Одеждой отец стал похож на нашего махаллинского попрошайку Шахфайзи. У того был такой же чапан — «без ворота, обшлагов и подола. Правда, он надевал его на себя, а отец накидывает, словно этим отстраняется от нищенских лохм. В нем еще сохранилась какая-то гордость от далекого прошлого: в молодости он был кузнецом, потом превратился в коробейника — чорбазарчи и вроде бы вел собственное дело, хотя все оно умещалось в одном хурджуне и существовало с помощью ног и спины. Однако отец считал себя самостоятельным, даже независимым человеком. Теперь он никому не нужен. Город разорен, разрушен, базар сожжен, ряды кузнецов, кожевников, гончаров, мыловаров превращены в пепел. Никто ничего це вырабатывает, и, следовательно, не продает и не покупает. Хурджун отца валяется в сарае, и его, наверное, уже прогрызли мыши. Впрочем, они могли бы съесть его целиком — вряд ли он теперь понадобится. Так рассуждает отец. И переубедить павшего духом человека не может никто, даже матушка, которая много раз принималась стыдить отца — голод пришел в дом и надо что-то делать для спасения семьи.

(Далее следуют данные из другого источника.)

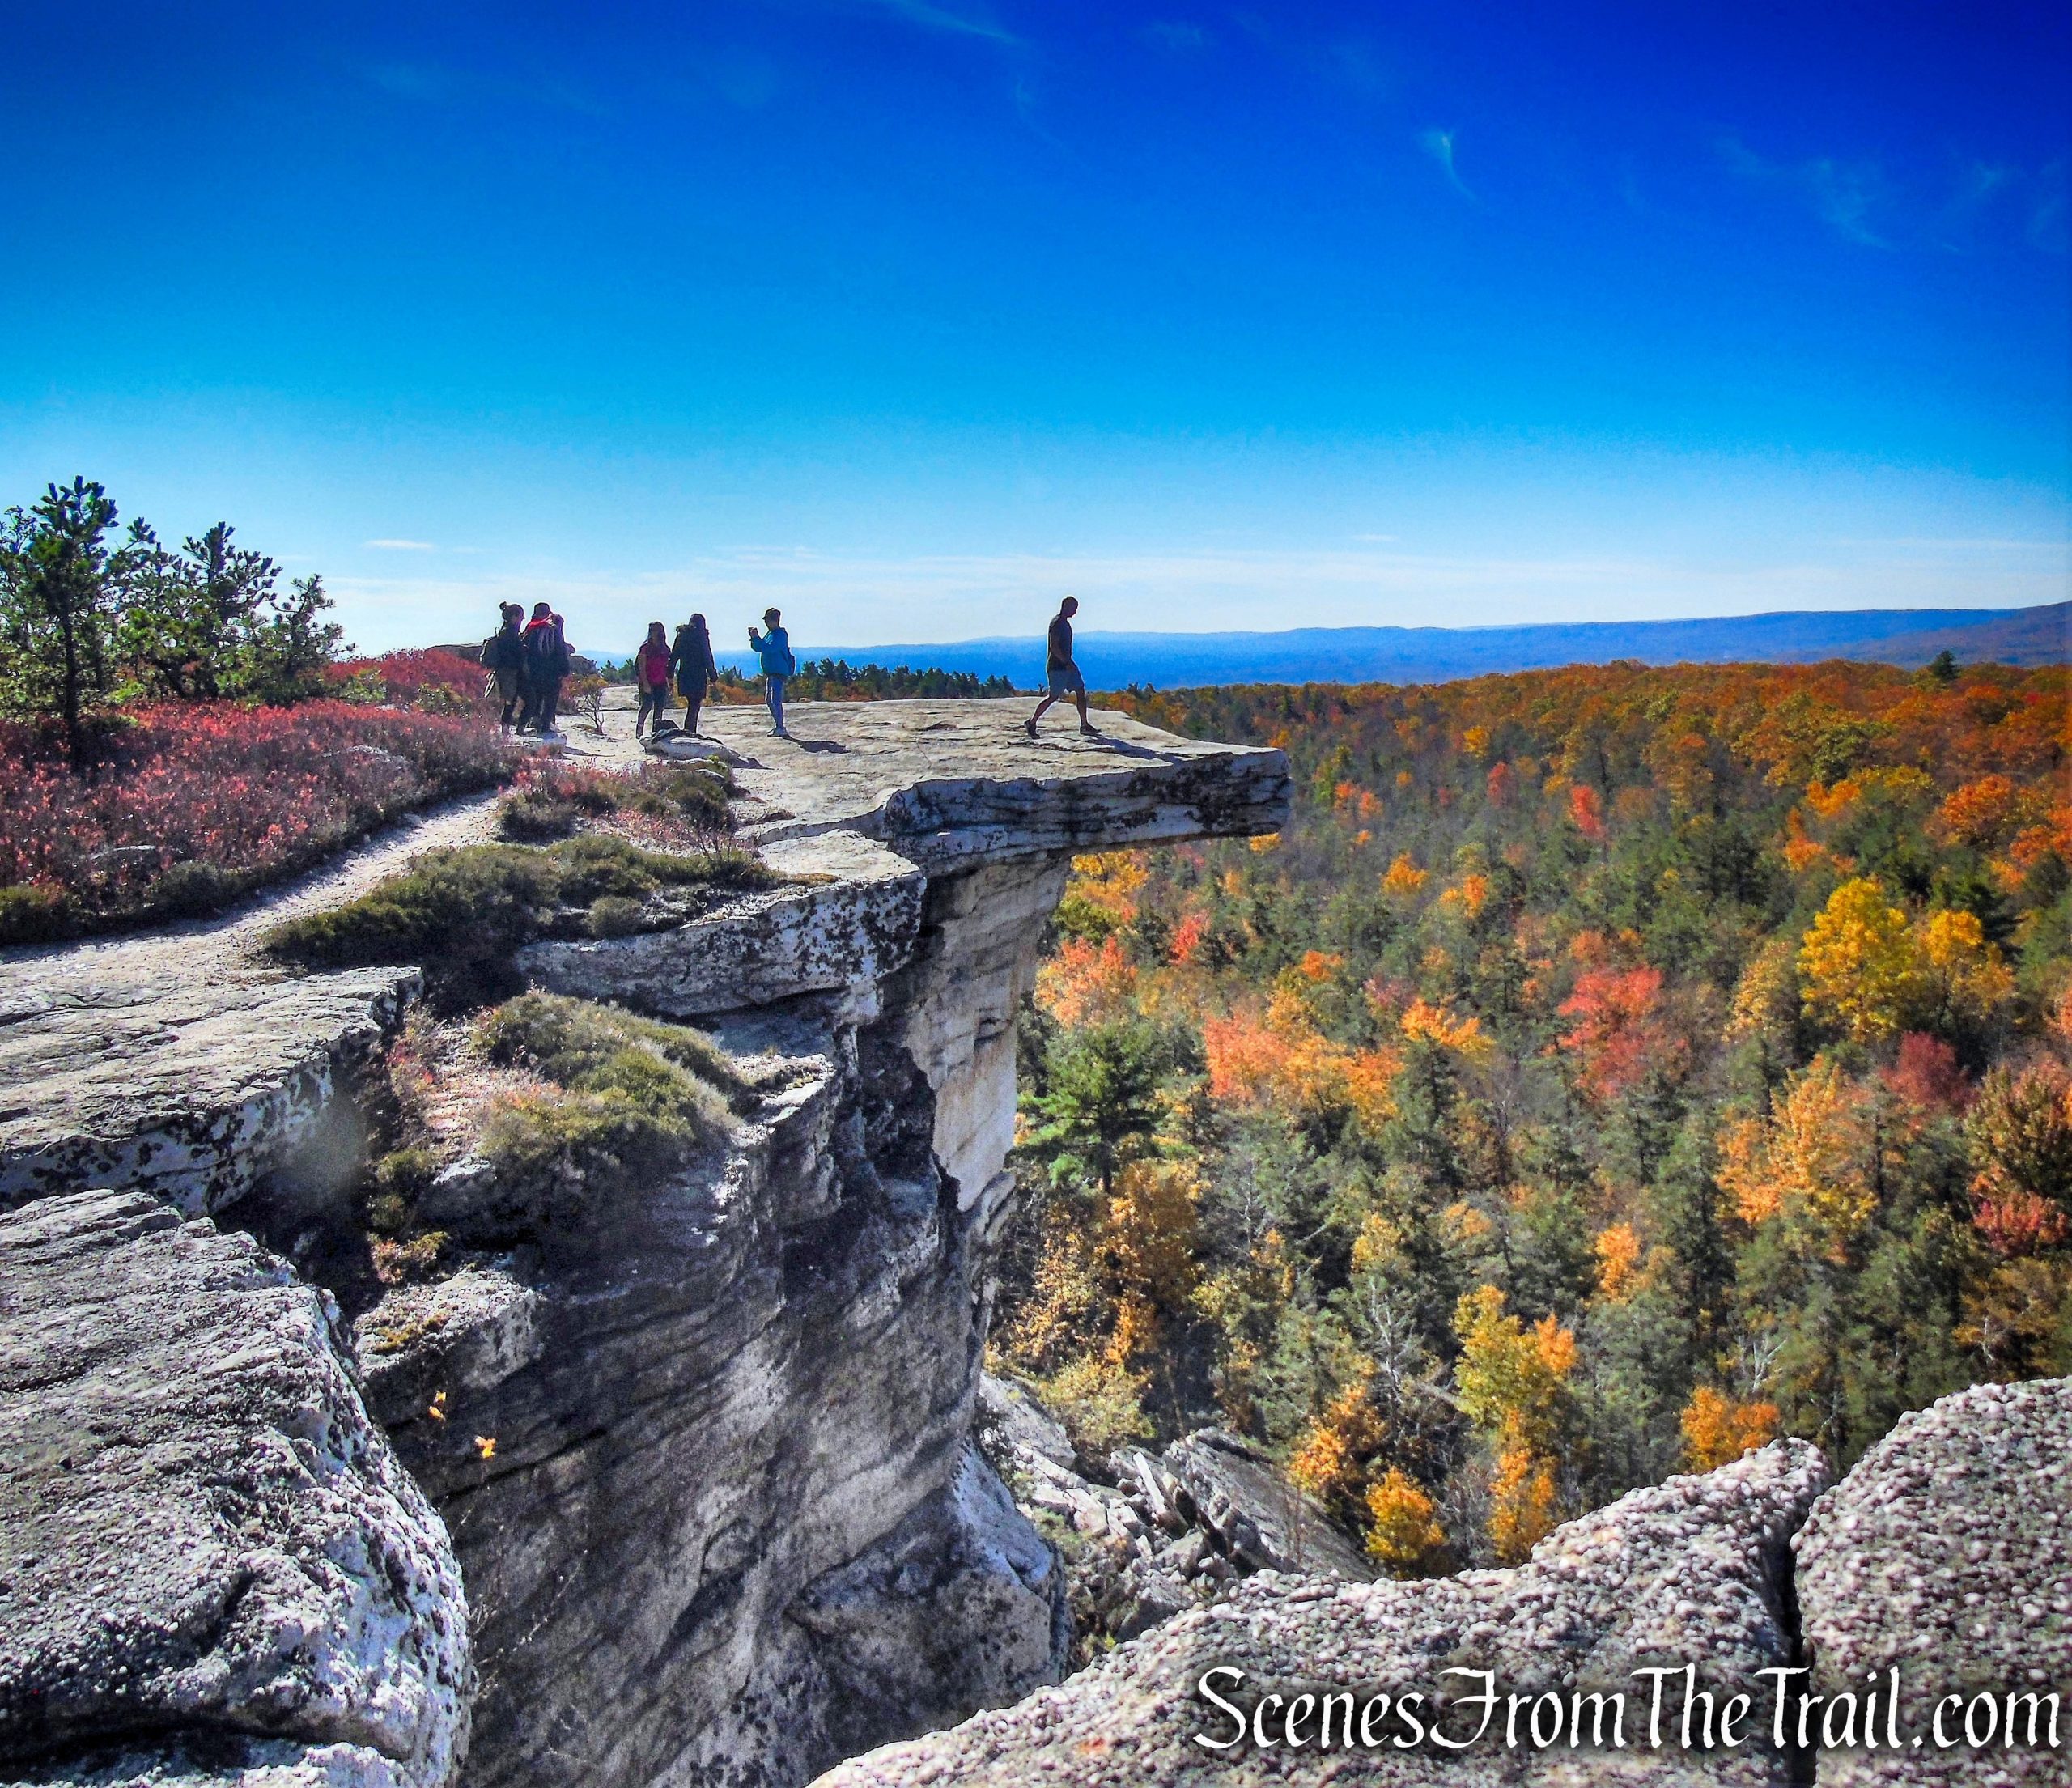 Safely Explore Ulster County This Fall

— У всех голод, — отвечал отец. — Если и найдется отзывчивый сосед, то сможет поделиться со мной лишь своим несчастьем.
— Не просить милости, а работать я посылаю вас, — объясняла матушка.
— Ха, или есть такие благодетели в Джизаке, что нанимают работников строить дома из воздуха или мечети из воды и за это кормят его шурпой с бараниной?..

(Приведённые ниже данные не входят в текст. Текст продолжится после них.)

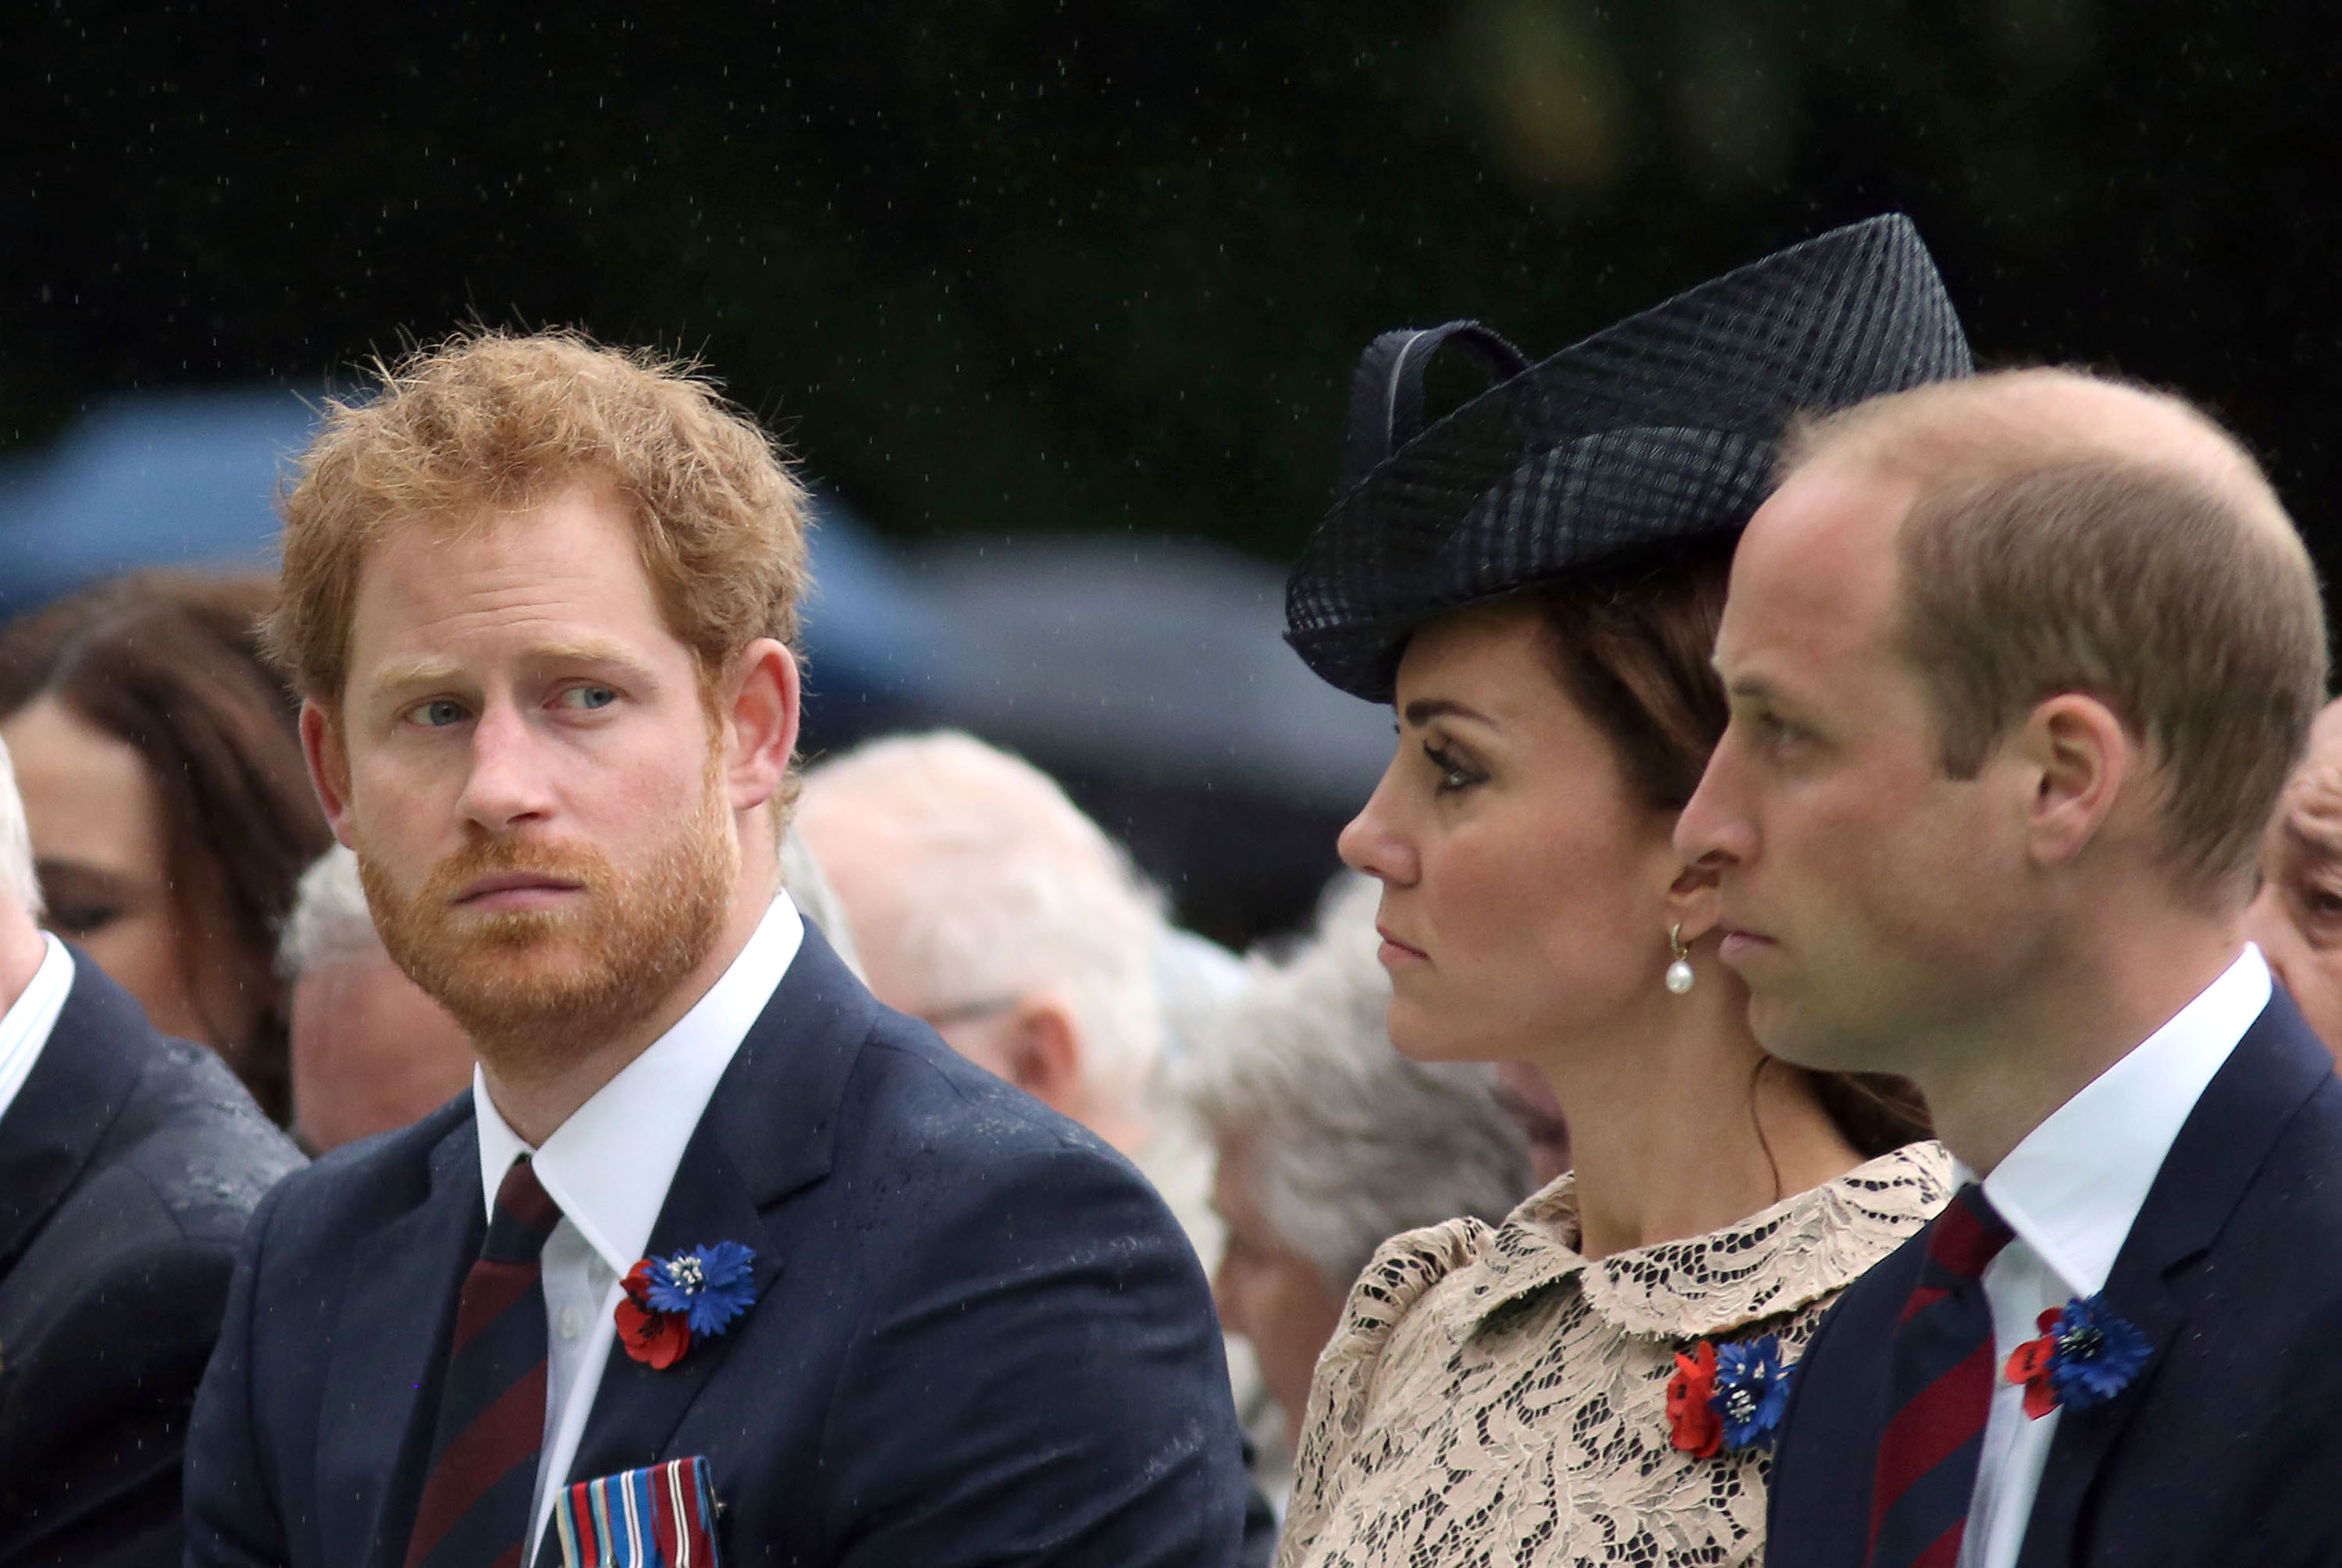 Prince Harry with Prince William, Duke of Cambridge and Catherine, Duchess of Cambridge

Матушка всплескивала руками:
— Будто уж нет никакого дела в городе?
— Дела много, но люди сами управляются с ним. Рыть могилы и носить умерших на кладбище — обязанность близких родственников: А ангел смерти Азраил пока еще не призвал меня к этому скорбному делу, да и, дай бог, не призовет слишком скоро…

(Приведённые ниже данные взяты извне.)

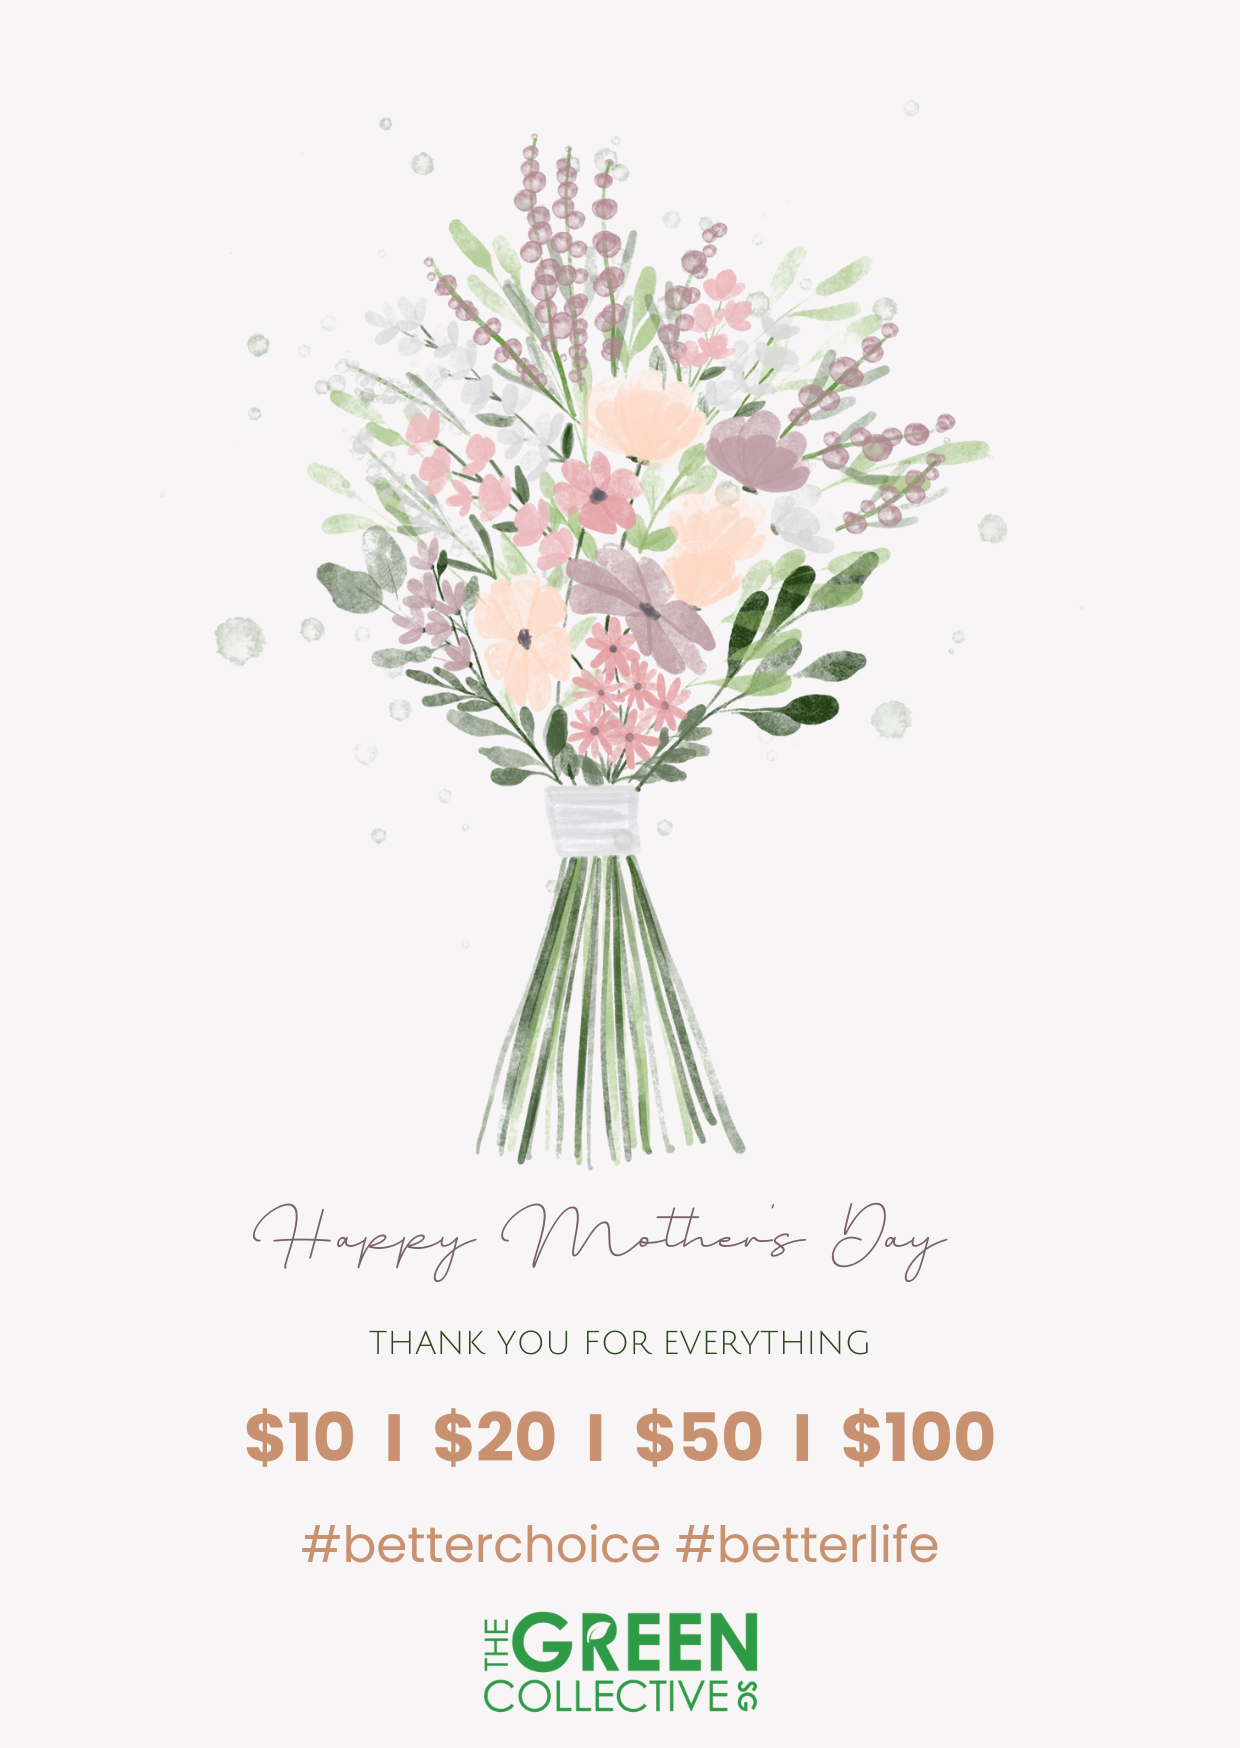 Mothers Day Gift Card | Gifting | The Green Collective SG

— Вай, зачем вспоминать Азраила? Лучше бы мне не слышать ваших слов!
Так заканчивались разговоры с отцом о хлебе насущном. Примерно так же — обо всем остальном, что касалось будущего семьи. Вначале, когда мы вернулись с поселения, в сердце отца жила какая-то надежда на перемены. Он суетился, бегал по городу, что-то искал, делился с матушкой своими планами, но постепенно убежденность его стала меркнуть и совсем погасла. Джизак больше не нуждался в нем — это сломило дух чорбазарчи. Все чаще и чаще оставался отец дома, все дольше просиживал у террасы, прислонив спину к столбу, и наконец место это сделалось для него постоянным.
И вот сейчас он дремлет на солнце, а я смотрю на него, покачивая люльку — бешик, в которой хнычет голодная моя сестренка. Она всегда голодная: у матушки нет молока. Мне приходится утешать малышку песней. У меня у самого в животе песня и довольно громкая: с утра мы ничего не ели, ждем катырму. Но урчание желудка — это не та мелодия, что навевает сон, напротив, она прогоняет его. Поэтому я пою сестренке о птичке, о солнышке, обо всем, что приходит мне в голову. Слова, конечно, подбираю самые ласковые.
Баиньки, мой барашечек!Баиньки, мой счастливый…
Слова эти я взял из песни матушки, которой она убаюкивала и меня и братьев моих — старая, вечная песня о счастье и радости детства. Но к моей сестричке это так не подходит! Обшарпанный бешик, какие-то тряпки вместо одеяльца и главное — пустой рот. В нем нет даже жеваного мякиша, завязанного в тряпицу и заменяющего соску. Песня, по моему разумению, должна возместить все, вот я и стараюсь — качаю бешик и пою. Пою громко и бешик качаю изо всех сил.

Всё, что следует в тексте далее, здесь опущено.